I saw a fight video where one guy hits his neck really hard and I thought about fights back in Rome and how many people must have seriously injured themselves. Without modern medicine or even public builds like ramps for wheelchairs, how would someone live a day to day life? I assume it depends fully on which social class you belong to, but I can’t believe they would just kill paralyzed people? I specify paralyzed instead of losing a limb because I assume losing a limb would have been way more common given swords being a common weapon of the time. Would love articles/papers or even just your thoughts.
This is a great question, and one that needs a lot more study. Disability studies in Classics is a growing field, but unfortunately that means it's also one which has been largely neglected until very recently. A 2013 edited volume from a major Classical publisher claimed to be 'the first volume ever to systematically study the subject of disabilities in the Roman world' - which isn't quite accurate, but gives you an idea of the state of the field.^(1)
In part, the lack of scholarly attention exists because scholars have assumed that disabled people didn't have much of a life expectancy in the Ancient World - and while that's a huge oversimplification, it's worth bearing in mind that the sort of injuries that would leave you with a lifelong disability were much less survivable in the Roman world than they would be today. As I've written in another answer, the Romans knew that even the best surgery carried a good chance of killing the patient rather than curing them, and the odds of surviving something traumatic like an amputation would have been less than even.
Disability, however, doesn't have to equate to injury, though we do have plenty of accounts of men disabled in war. In one part of his account of the Civil War (2.53), for instance, Julius Caesar recounts a particularly ferocious day's fighting in which 'not a single one of the men was not wounded, and four centurions out of one cohort were blinded.' We can't read too much into this, but I think it's interesting that he establishes three categories of 'dead', 'wounded' and 'notably wounded', and then fills the latter only with men who lost their sight - which may suggest that there weren't many others left severely disabled, because those men hadn't survived.
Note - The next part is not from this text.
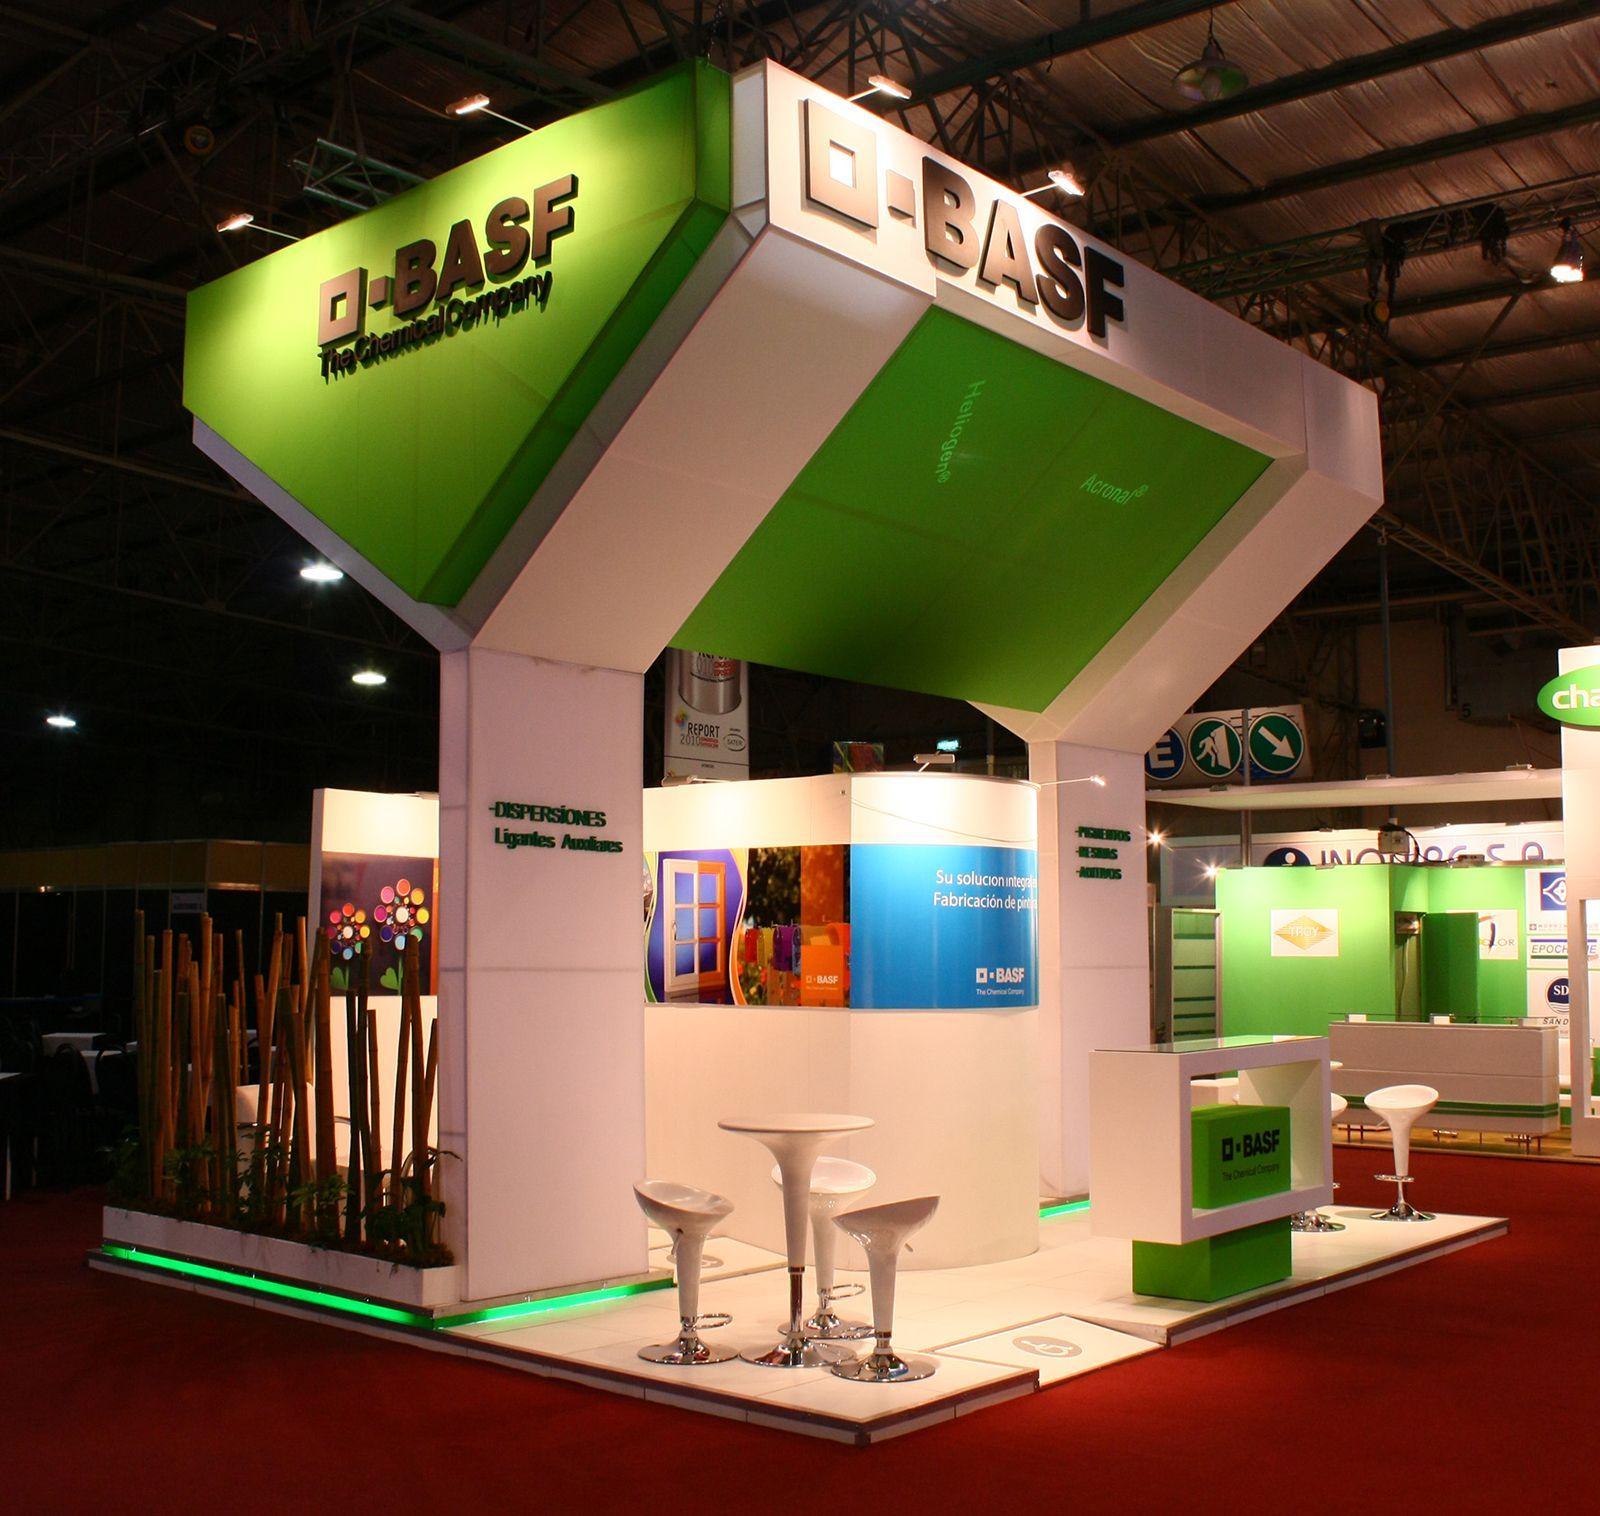 D Exhibition Booth Design : Cuatro d fair stand exhibition booth booth design stand design

With that said, we do find prosthetics as archaeological remains (see the Capua Leg, for instance, buried with its owner around 300 BC), and accounts of people using them in literary sources - most famously, of the general Marcus Sergius Silus, who lost his right hand during the Second Punic War and had it replaced with an iron one.^(2) Robert Garland even goes as far as to argue that dangerous work, unsanitary conditions, malnutrition, disease, illness, and aging would have made some level of disability 'so common as to be the norm.'
In one letter, written by Pliny the Younger in the early 2nd century AD, there's an account of a senator called Gnaeus Domitius Tullus. As Pliny tells it, Tullus became almost totally paralysed sometime in middle or old age, and his account reveals a lot about how someone like him could adapt to life as well as the attitudes of Roman society towards him:
It was thought most unsuitable that a woman of [his wife's] high birth and blameless character, who was no longer young, had borne children in the past and had long been widowed, should marry a wealthy old man and a hopeless invalid, whom even a wife who had known him when young and healthy might have found an object of disgust. Crippled and deformed in every limb, he could only enjoy his vast wealth by contemplating it and could not even turn in bed without assistance. He also had to have his teeth cleaned and brushed for him – a squalid and pitiful detail – and when complaining about the humiliations of his infirmity was often heard to say that every day he licked the fingers of his slaves. Yet he went on living, and kept his will to live, helped chiefly by his wife, whose devoted care turned the former criticism of her marriage into a tribute of admiration.^(3)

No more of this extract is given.